### Material provided
****************************************
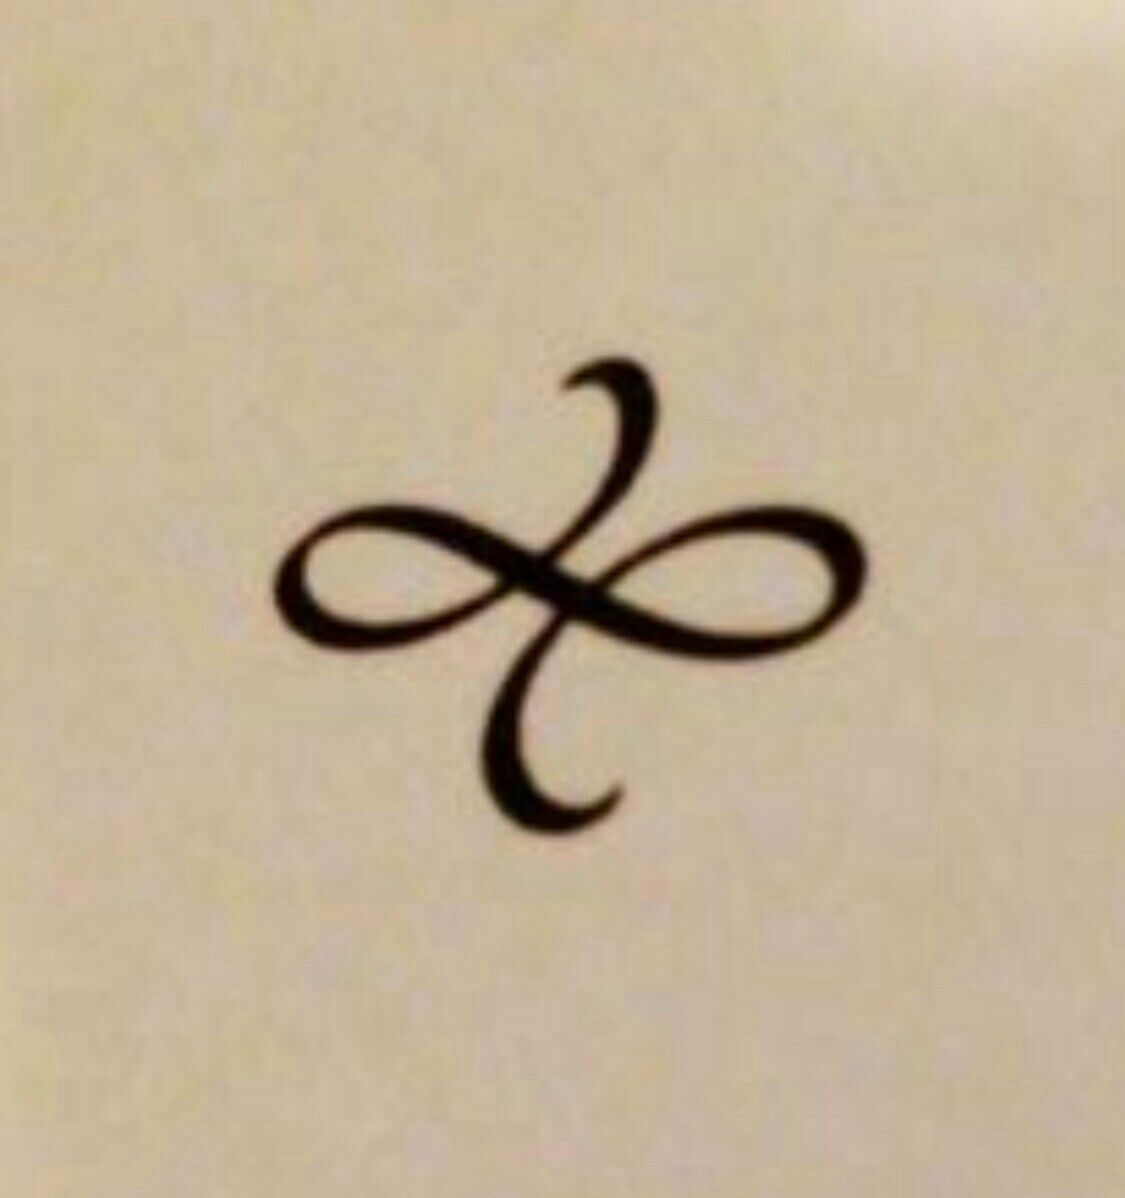 hight resolution of celtic symbol for friendship
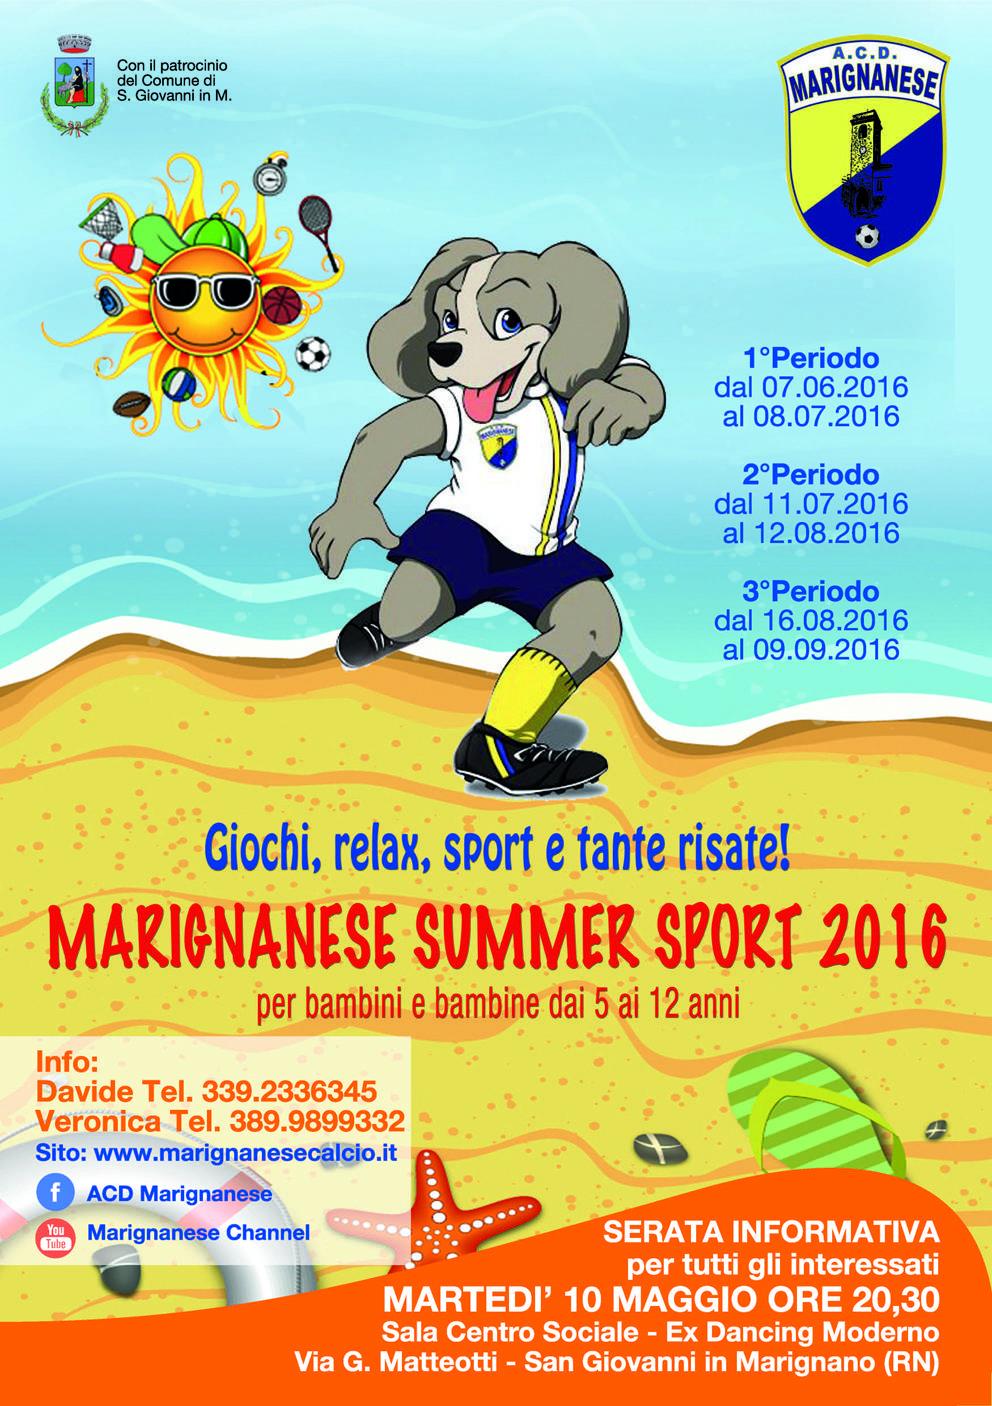 Marignanese Summer Sport
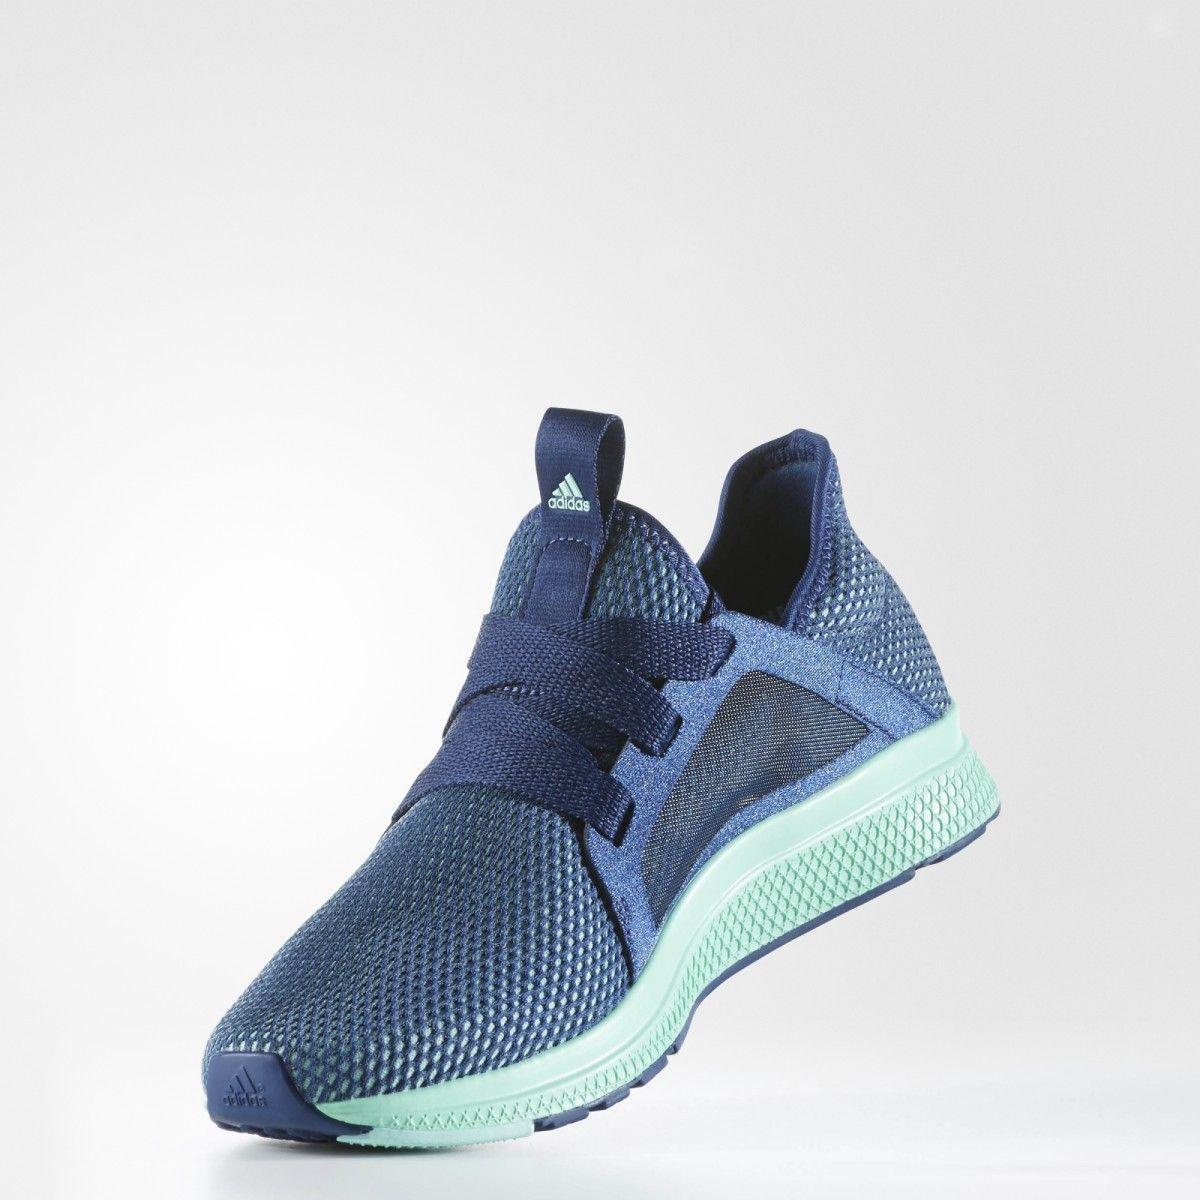 adidas edge luxe scarpe adidas indonesia ootd moda
****************************************
Without changing a single word, set down all of the material again and leave out its pictures.

 hight resolution of celtic symbol for friendship
 Marignanese Summer Sport
 adidas edge luxe scarpe adidas indonesia ootd moda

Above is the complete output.